Regardless of why or how a spec change is introduced, the effect is the same. Flow will never permit you to publish changes that break this contract between captures and materializations, so you'll need to update the contract.

Using evolutions

When you attempt to publish a breaking change to a collection in the Flow web app, you get an error message that looks similar to this one:

Click the Apply button to trigger an evolution and update all necessary specification to keep your Data Flow functioning. Then, review and publish your draft.

If you enabled AutoDiscover on a capture, any breaking changes that it introduces will trigger an automatic schema evolution, so long as you selected the Breaking change re-versions collections option(evolveIncompatibleCollections).
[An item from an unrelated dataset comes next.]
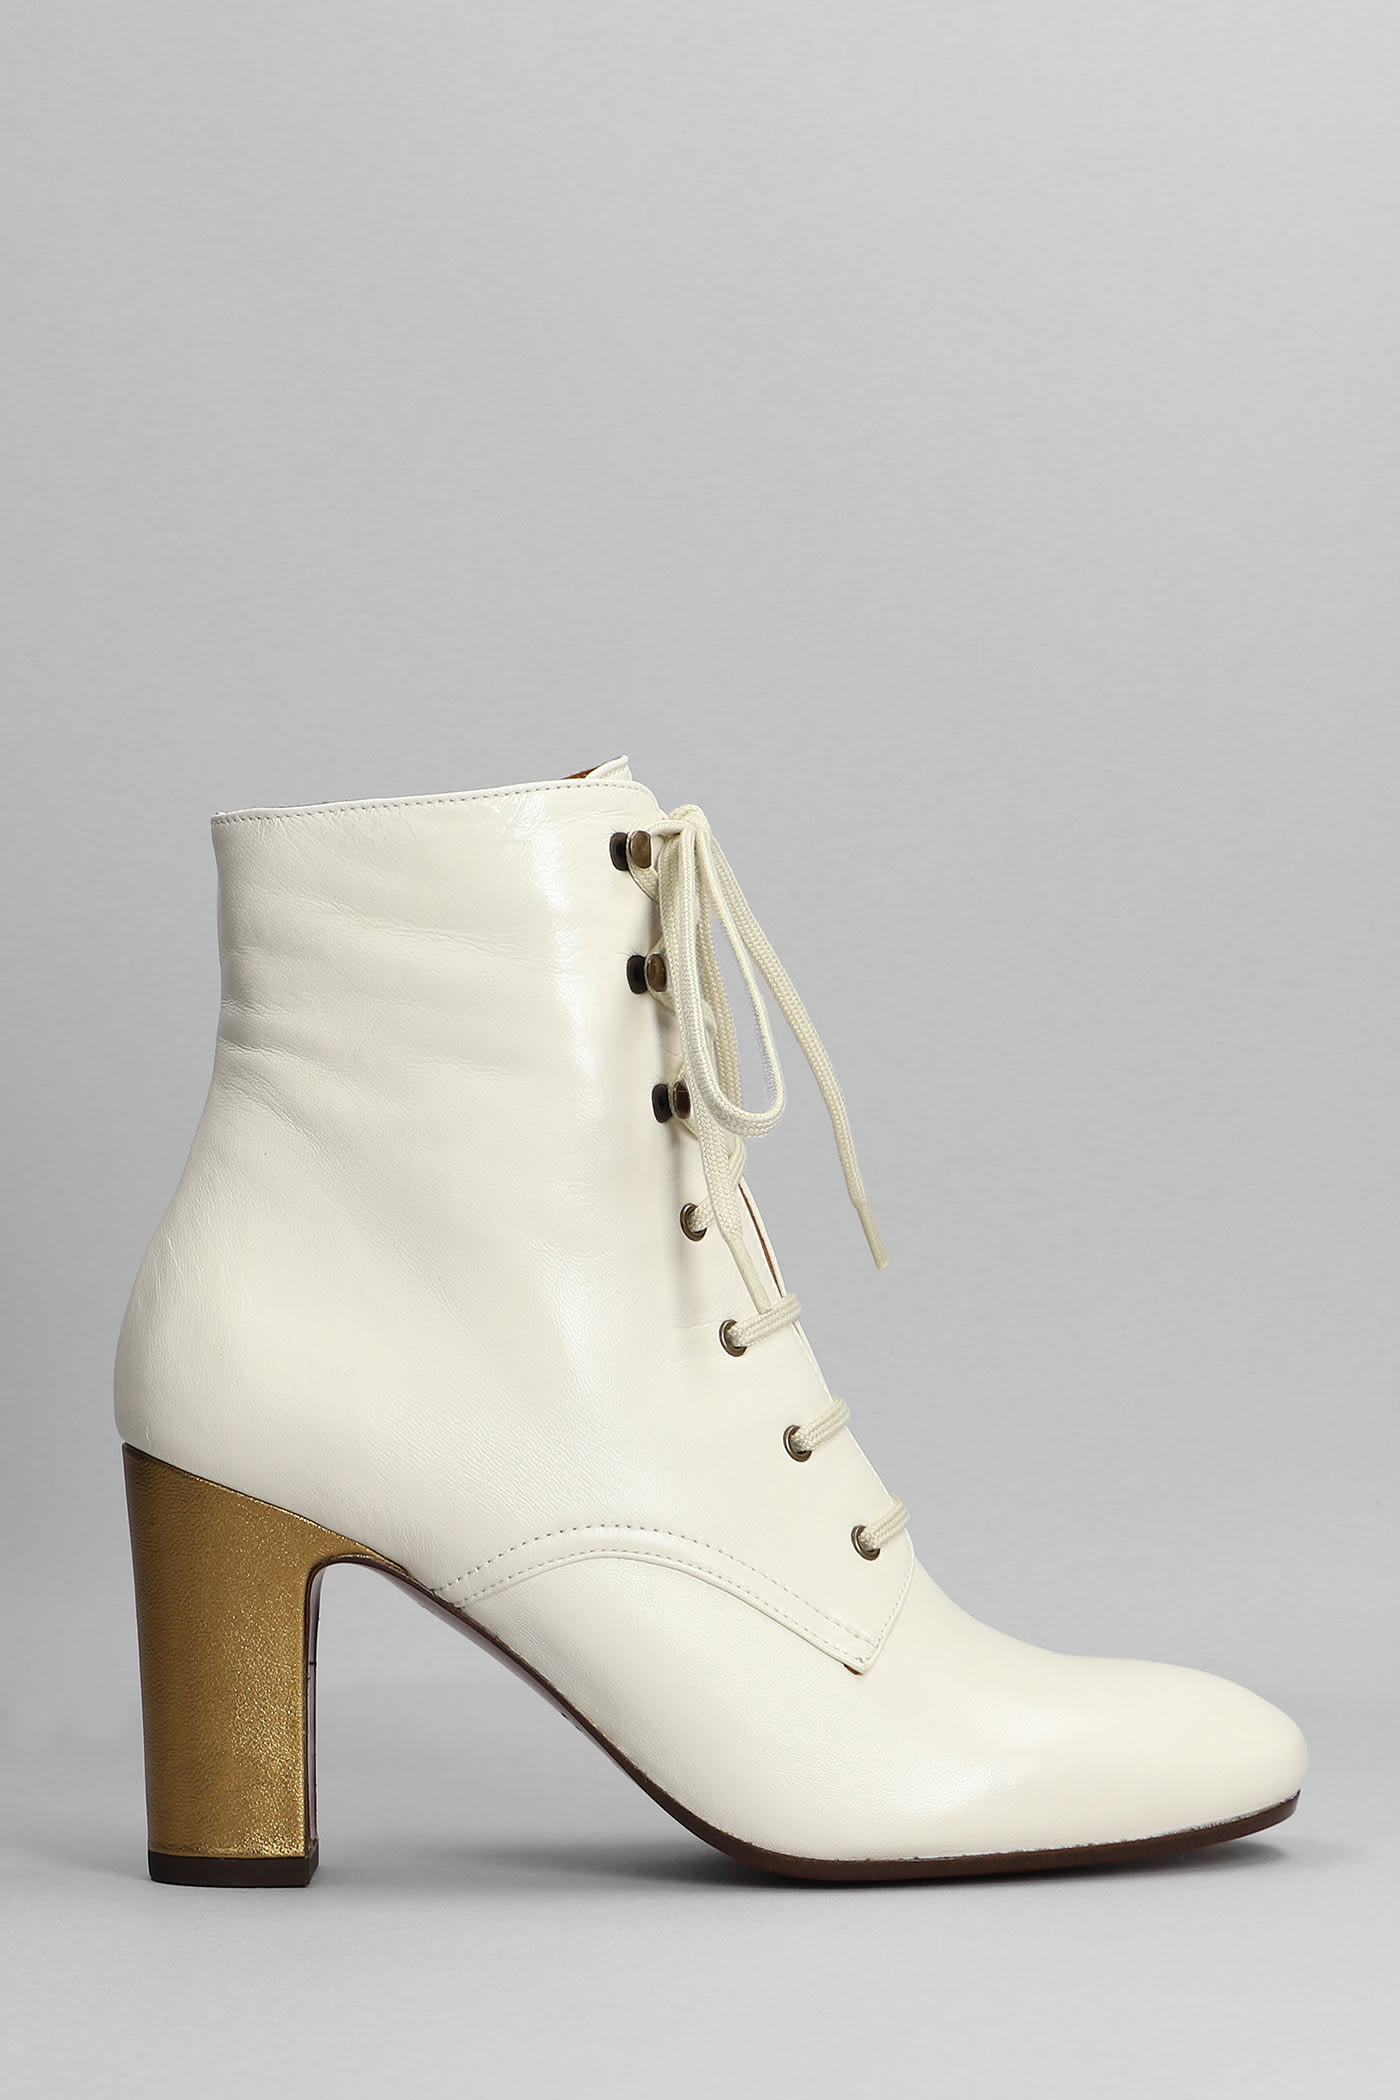 Chie Mihara Walala High Heels Ankle Boots In Beige Leather

What do schema evolutions do?

The schema evolution feature is available in the Flow web app when you're editing pre-existing Flow entities. It notices when one of your edit would cause other components of the Data Flow to fail, alerts you, and gives you the option to automatically update the specs of these components to prevent failure.

In other words, evolutions happen in the draft state. Whenever you edit, you create a draft. Evolutions add to the draft so that when it is published and updates the active data flow, operations can continue seamlessly.

Alternatively, you could manually update all the specs to agree to your edit, but this becomes time-consuming and repetitive.

Evolutions can prevent errors resulting from mismatched specs in two ways:

  • Materialize data to a new resource in the endpoint system: The evolution updates the affected materialization bindings to increment their backfill counter, which causes the materialization to re-create the resource (database table, for example) and backfill it from the beginning.

    This is a simpler change, and how evolutions work in most cases.

  • Re-create the Flow collection with a new name: The evolution creates a completely new collection with numerical suffix, such as _v2. This collection starts out empty and backfills from the source. The evolution also updates all captures and materializations that reference the old collection to instead reference the new collection, and increments their backfill counters.

    This is a more complicated change, and evolutions only work this way when necessary: when the collection key or logical partitioning changes.

In either case, the names of the destination resources will remain the same. For example, a materialization to Postgres would drop and re-create the affected tables with the same names they had previously.

Also in either case, only the specific bindings that had incompatible changes will be affected. Other bindings will remain untouched, and will not re-backfill.

What causes breaking schema changes?

Though changes to the collection key or logical partition can happen, the most common cause of a breaking change is a change to the collection schema.

Generally materializations, not captures, require updates following breaking schema changes. This is because the new collection specs are usually discovered from the source, so the capture is edited at the same time as the collection.

Consider a collection schema that looks like this:

type: object
id: { type: integer }
foo: { type: string, format: date-time }
required: [id]
key: [/id]

If you materialized that collection into a relational database table, the table would look something like my_table (id integer primary key, foo timestamptz).

Now, say you edit the collection spec to remove format: date-time from bar. You'd expect the materialized database table to then look like (id integer primary key, foo text). But since the column type of foo has changed, this will fail. An easy solution in this case would be to change the name of the table that the collection is materialized into. Evolutions do this by appending a suffix to the original table name. In this case, you'd end up with my_table_v2 (id integer primary key, foo text).